The Importance of Passions

What you do outside of work can often be more important than what you do at work.

Those passions that drive and inspire you manifest into creativity. Passions form viewpoints through experiences and train your brain to connect something physical with the release of dopamine, endorphin, oxytocin and serotonin — the body chemicals that make you feel happy.

Passions also help you disconnect, separate yourself from the day-to-day and take your mind to different places, even if for only a short amount of time. Your passion very well may be your work, but I don’t think anyone considers checking email to be a passion, so it’s safe to say disconnecting is always stepping away from your phone.

This is why companies like Pinterest are hiring people who don’t just know how to do their jobs really well, but also have passions outside of work.

“We look for people who have more interests than time,” Pinterest cofounder Evan Sharp told Business Insider.

Pinterest even created an event called “Knit Con” where employees could lead sessions on their talents. Sessions included bow-tying skills, cocktail creation, and I’m sure the ever-popular ukulele. I’m thinking of you, Warren Buffett, who also sends 80 percent of his day reading — and making a lot of money.

Passions can build leadership skills. They train your mind as to what’s possible and to think outside of the box, rather than the script most follow. They bring people together and inspire you to always do better. These skills don’t just shut off when you’re not doing what you’re passionate about. They’re often carried into the office.

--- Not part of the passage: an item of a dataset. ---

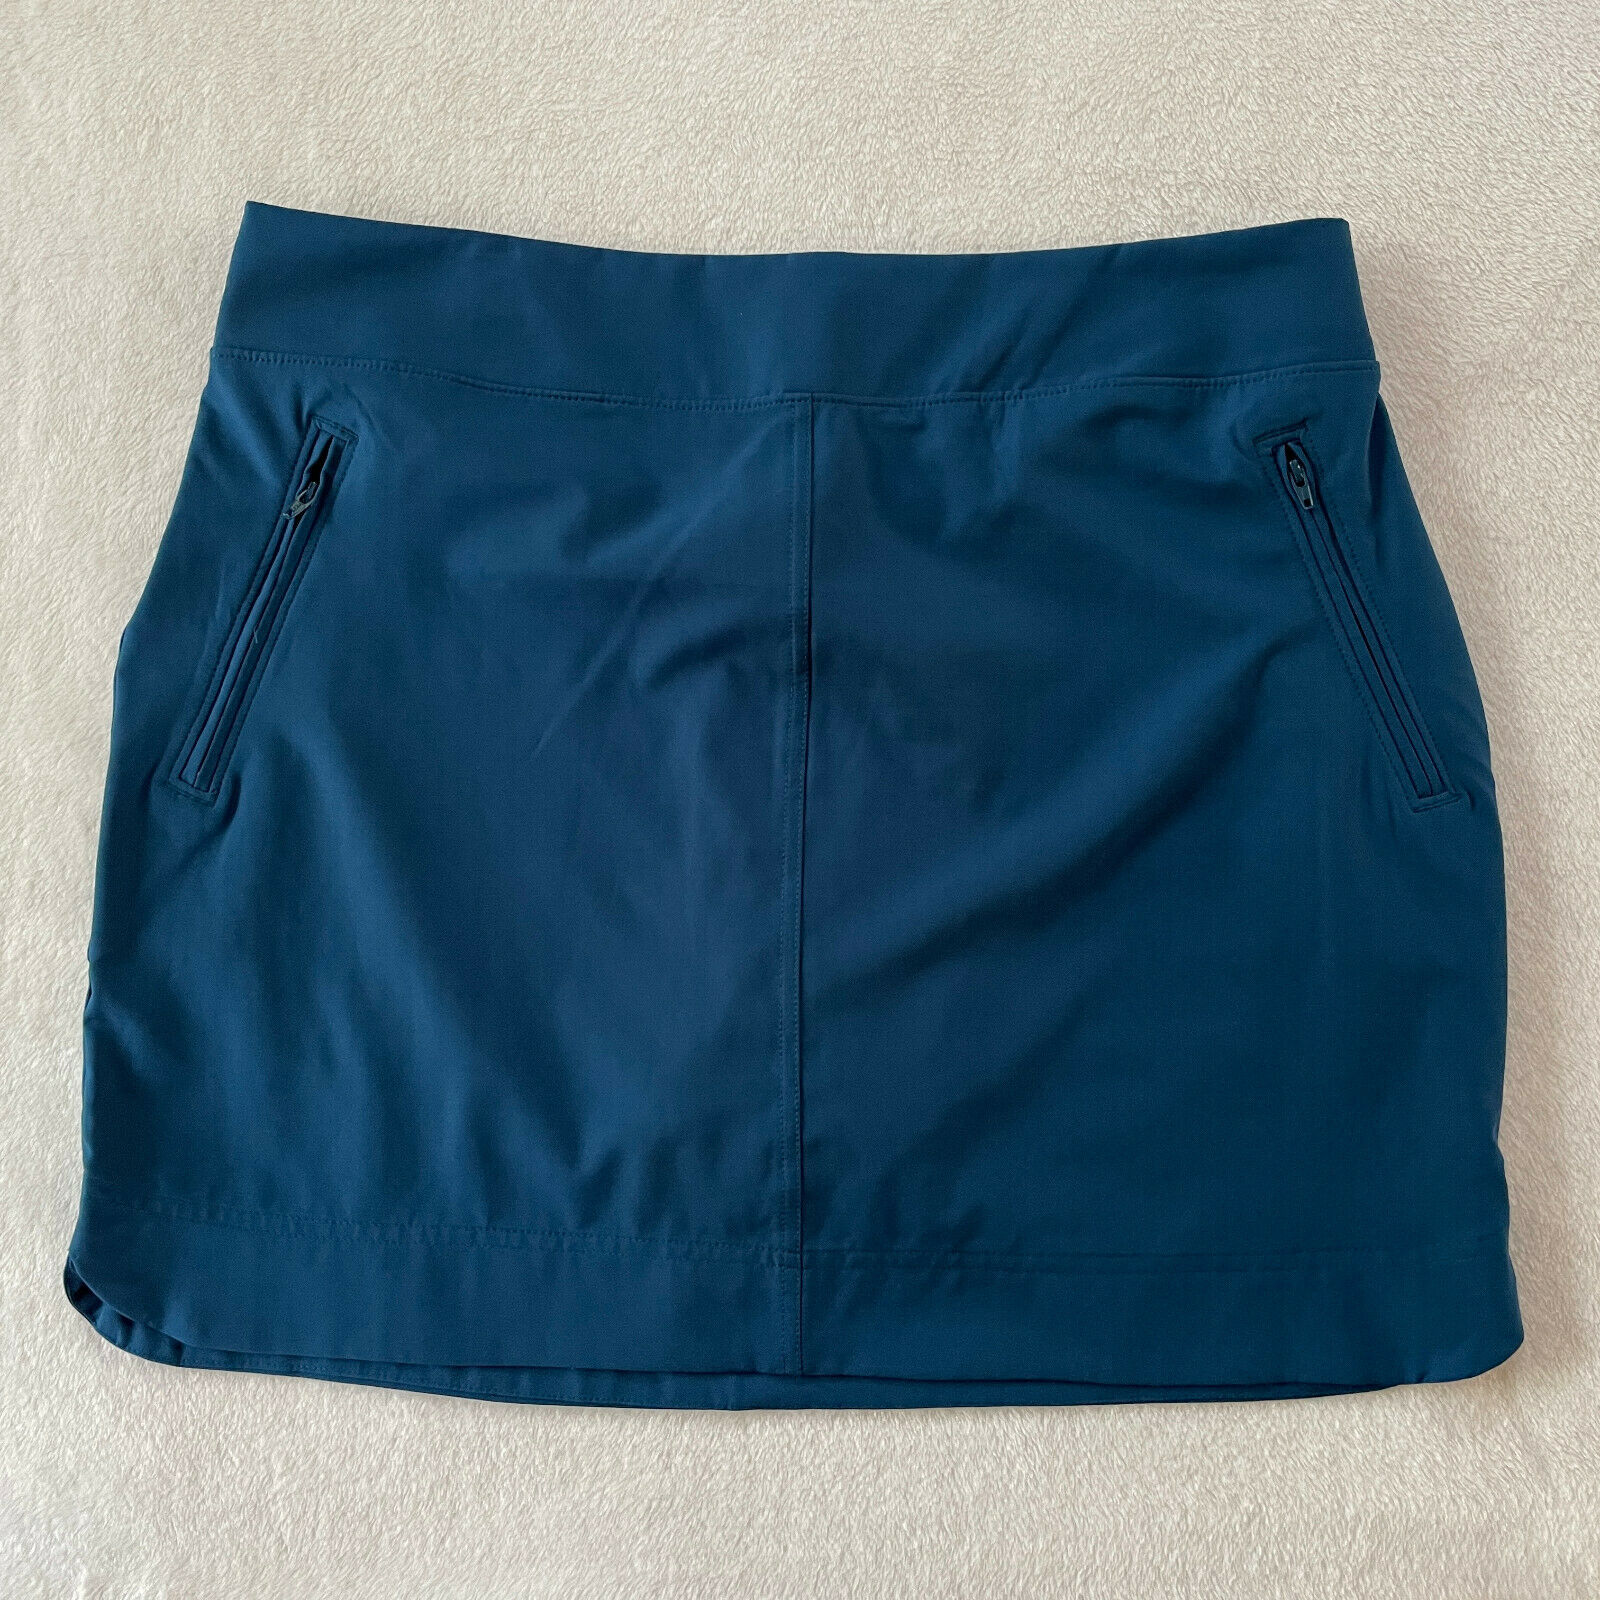 Orvis Travel Skort Skirt Womens Large L Blue Pockets Stretch Active Lightweight

I’ve always been an advocate for employees to do what they love outside of work, even if it’s building a side business. To me, that experience will make them better at their jobs because real-world education can enrich someone’s life professionally better than any training.

Travel, go fishing at the lake, take your kids to a live baseball game, volunteer. Do whatever you’re passionate about, and do it without the guilt of not checking your email for 30 minutes.

Those emails can wait. Those 30 minutes you’re doing something more important for you, and ultimately, your company will benefit, as well.